In other words, you would likely need to pay taxes on all personal property involved in a 1031 exchange.
How To Start a 1031 Exchange
Securing a qualified intermediary is another crucial step in beginning the process of a 1031 exchange.
A qualified intermediary must not have any previous relationship with either party involved in the property exchange, and their job is to secure and hold the funds at the time of the initial land sale, and then transfer those funds when a property for reinvestment is purchased.
Next Steps in a 1031 Exchange
If you’re already seeking out a new property, it can be a hassle to discern what type of real estate you’re allowed to make the exchange on. A good rule of thumb is to make sure it checks two boxes:
- Is it like-kind?
- Is it of equal or greater value?
The property that you plan to reinvest in must be of like-kind and be of either equal or greater value.
A tax and/or legal advisor can help you determine what type of real estate you’re allowed to make an exchange on, but it’s important to know that the Internal Revenue Code prevents landowners from reinvesting in a cheaper property and pocketing the remaining capital.

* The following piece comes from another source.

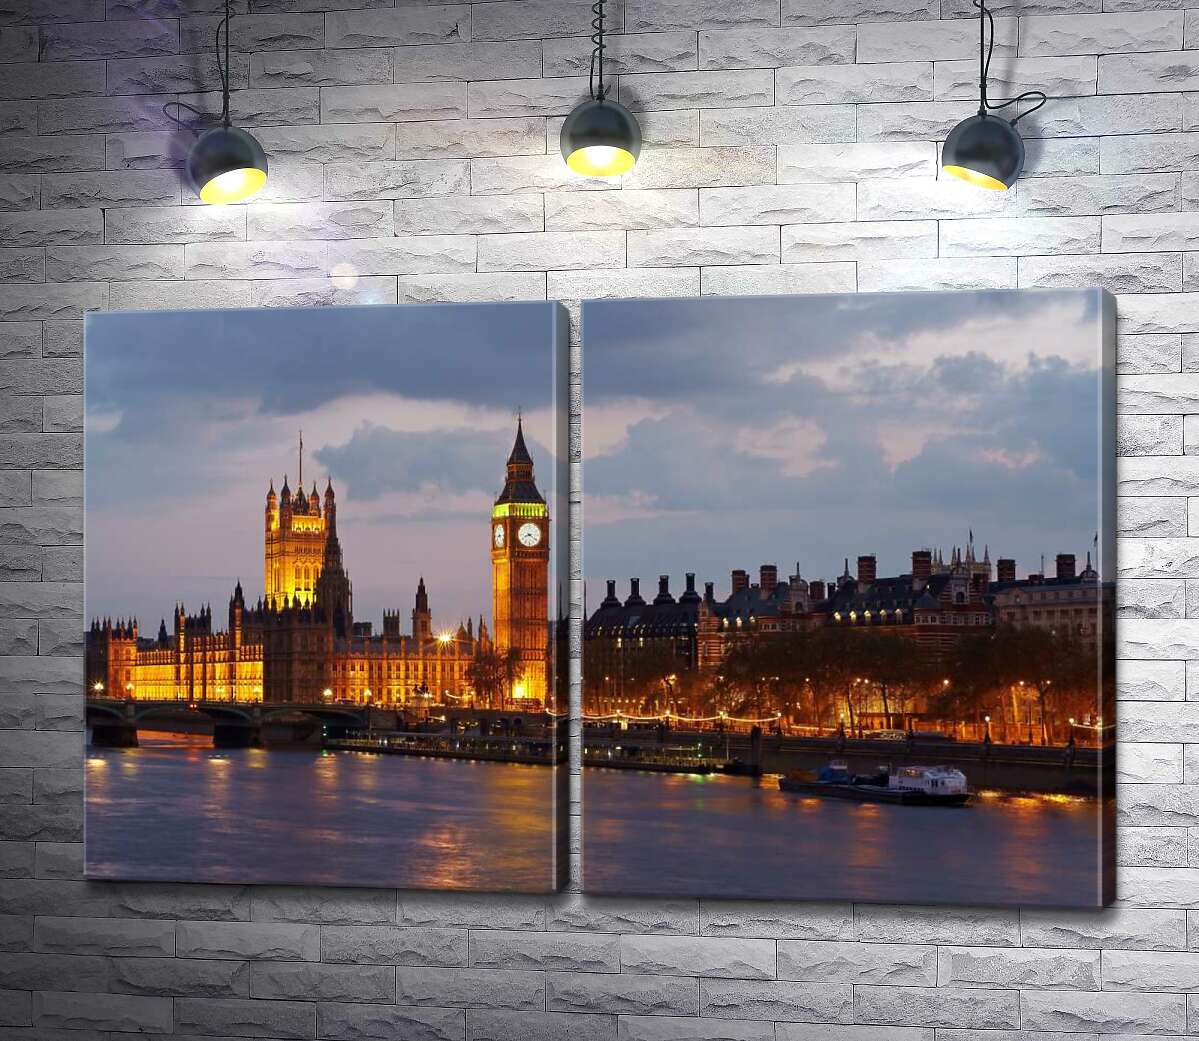 модульная картина Вечерняя набережная Темзы сияет огнями Вестминстерского дворца (Palace of Westminster)
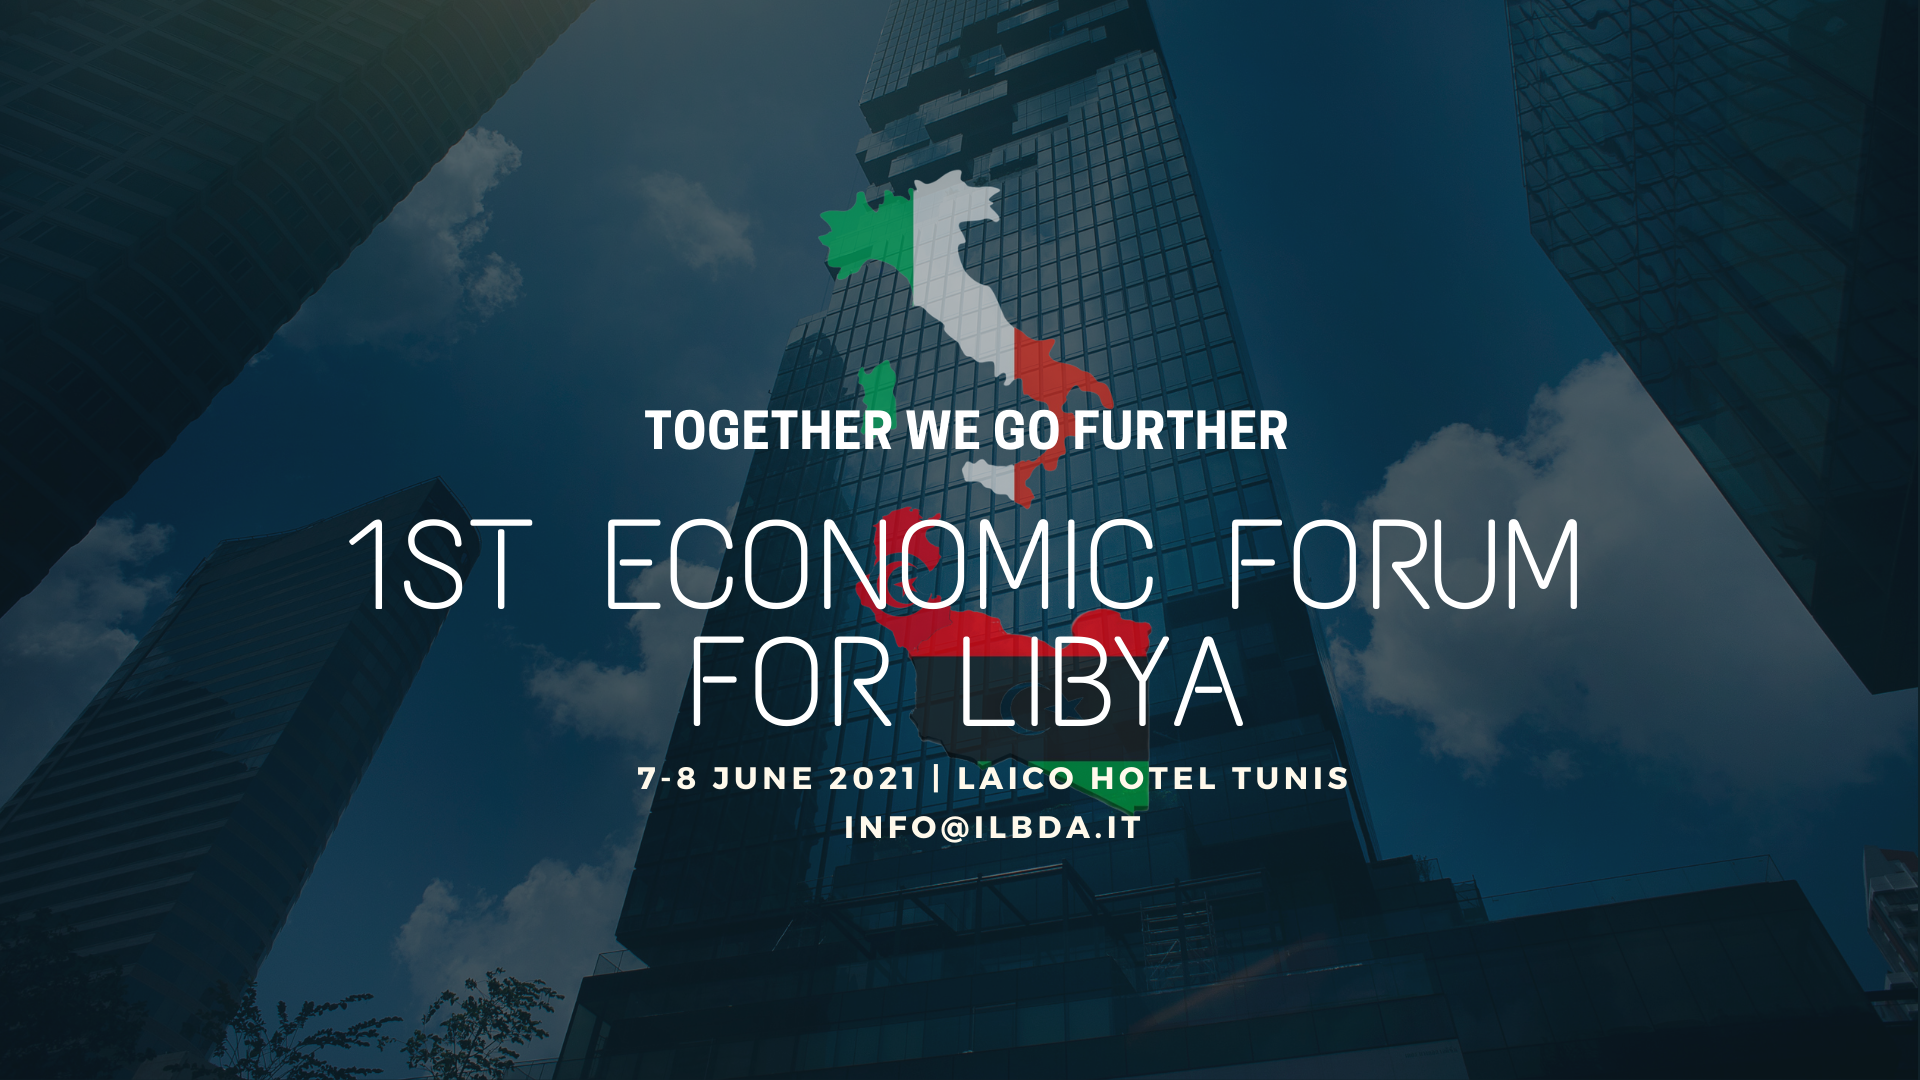 ایل بی ڈی اے: تیونس میں 100 اور 1 جون کو لیبیا کے پہلے اقتصادی فورم میں 7 سے زائد اداروں نے شرکت کی تصدیق کی

Final Thoughts on a 1031 Exchange to Land
Traditionally, a 1031 exchange was an exchange between two individuals that wanted to essentially swap properties. A starker exchange, or a delayed exchange, is what many people do now and is commonly referred to as a 1031 tax deferred exchange.
The simplest way to look at a 1031 exchange is as an investment opportunity that will allow you to defer paying a capital gains tax.
While you’re not entirely avoiding paying the capital gains taxes, you are able to defer paying them with each new investment instead of paying them over and over again. It also grants you extra capital to continually re-invest larger sums of money so that you can potentially appreciate a higher return on the new property.
If you’re considering a 1031 tax deferred exchange, our agents can help you identify a new property and connect you with the right advisors to help you complete the process!
Please note: this article is meant to be a topical overview and, as such, does not include specific financial, legal or professional recommendations or advice. Every situation is unique, and you should consult with a licensed attorney, accountant, and/or financial advisor prior to entering into any written contract or verbal agreement involving a 1031 exchange.